• **MATERIAL PROVIDED**
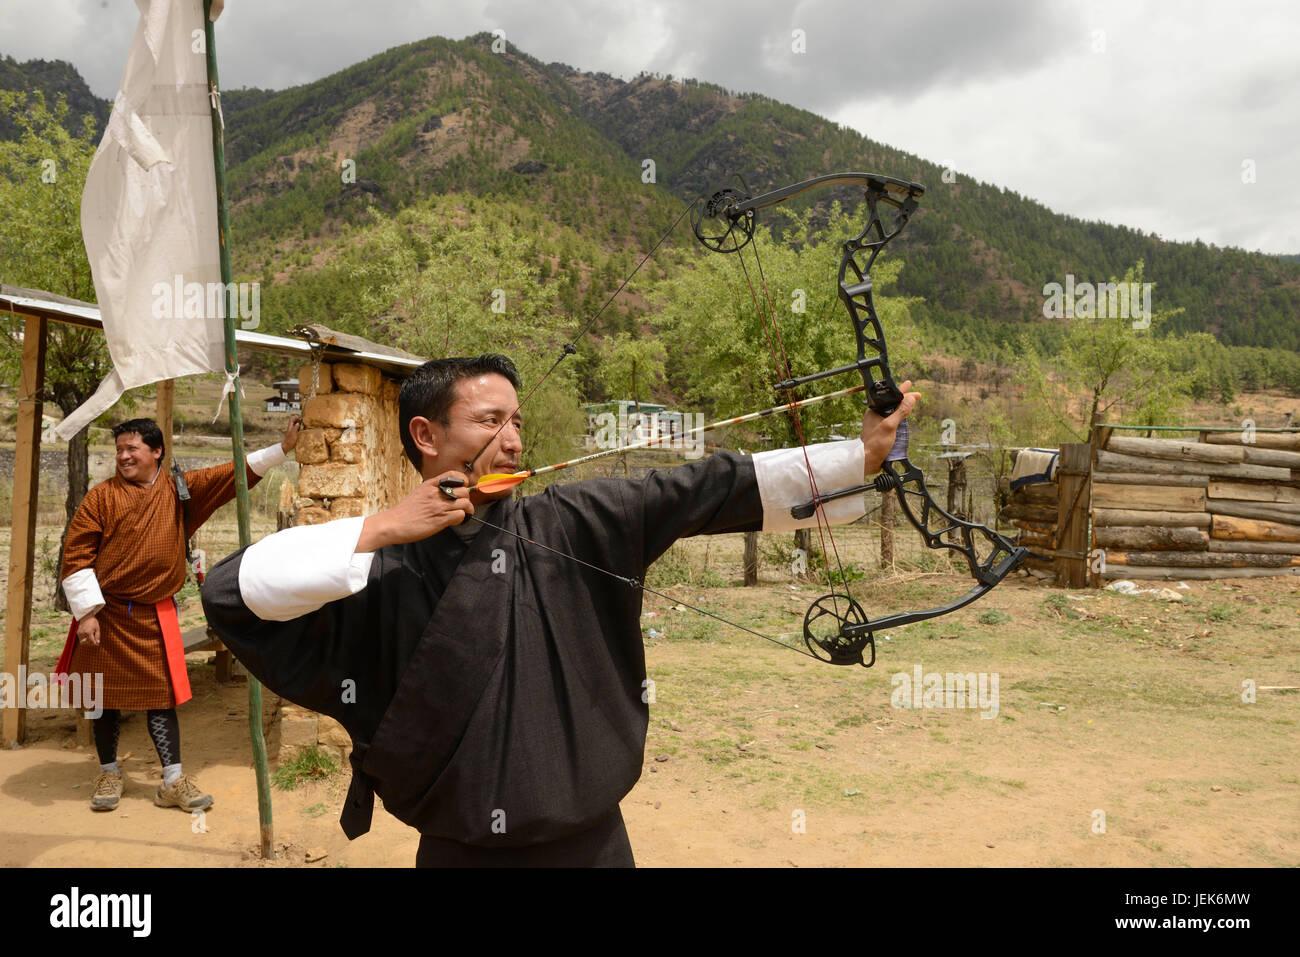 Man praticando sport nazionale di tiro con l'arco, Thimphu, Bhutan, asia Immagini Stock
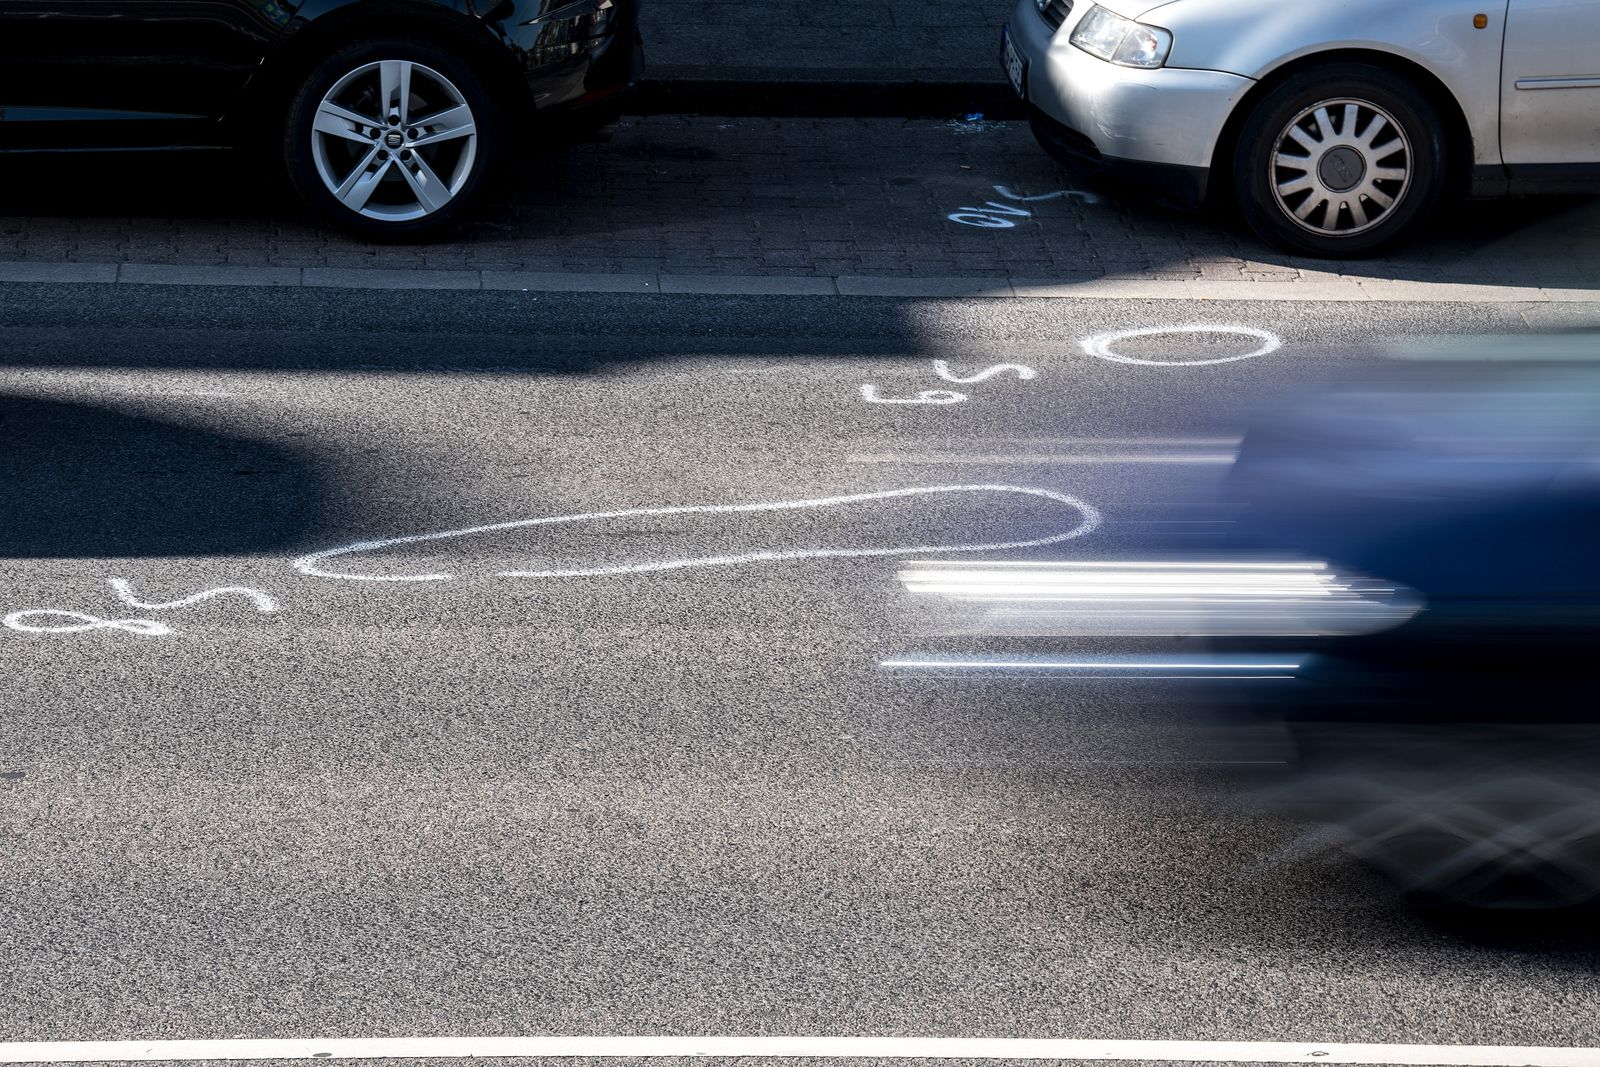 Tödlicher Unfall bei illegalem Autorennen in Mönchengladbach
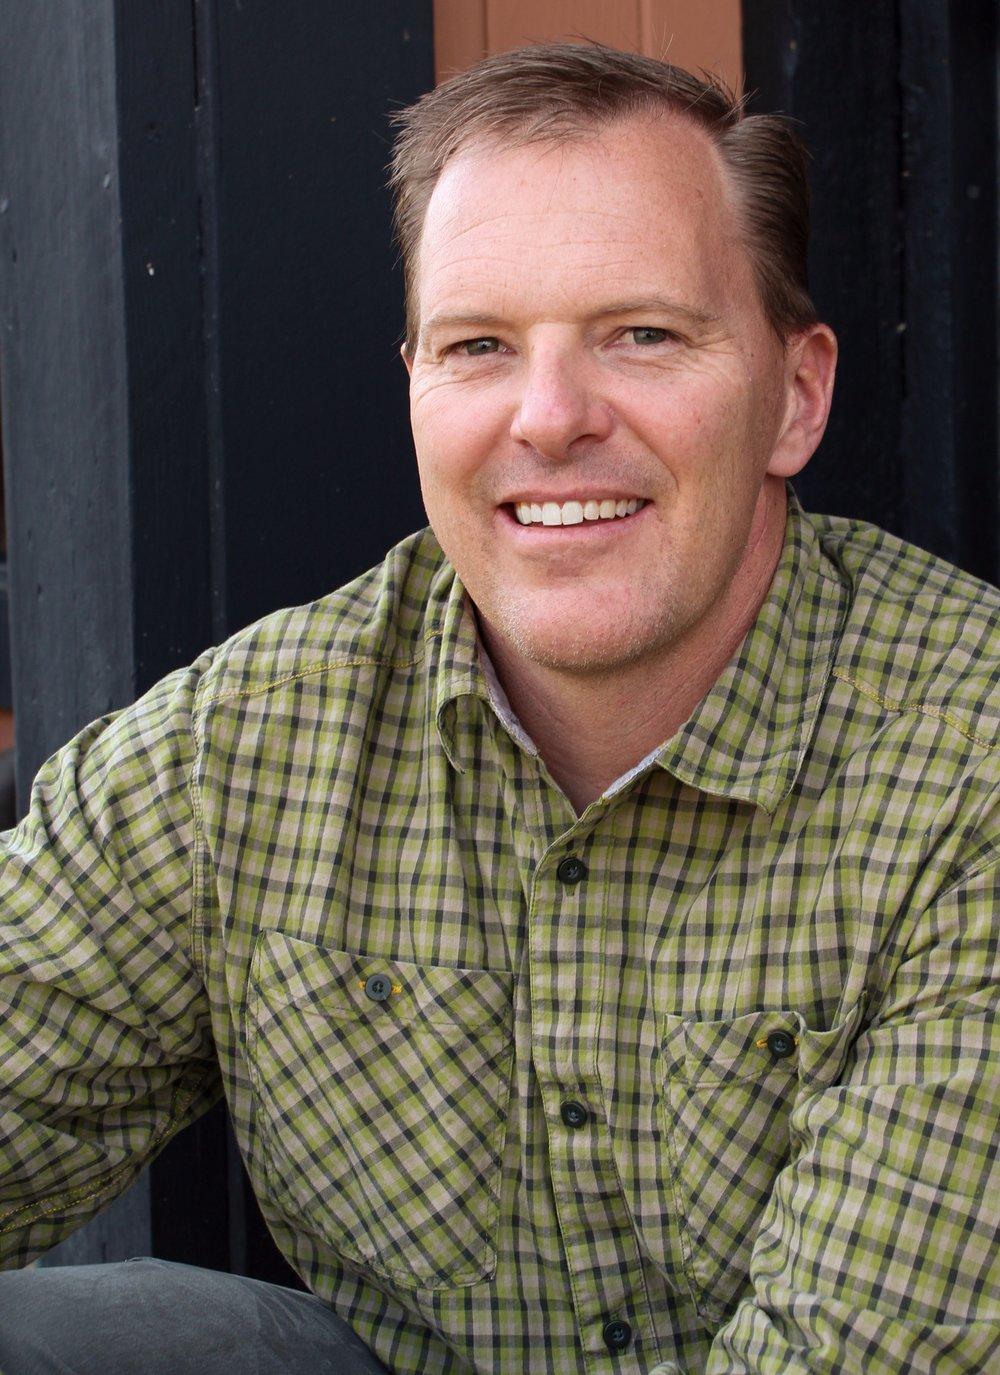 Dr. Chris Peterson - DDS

• **ACTION ITEM**
Give the data again exactly as written, with all pictures left out.

• **SOLUTION TO THIS PROBLEM**
 Man praticando sport nazionale di tiro con l'arco, Thimphu, Bhutan, asia Immagini Stock
 Tödlicher Unfall bei illegalem Autorennen in Mönchengladbach
 Dr. Chris Peterson - DDS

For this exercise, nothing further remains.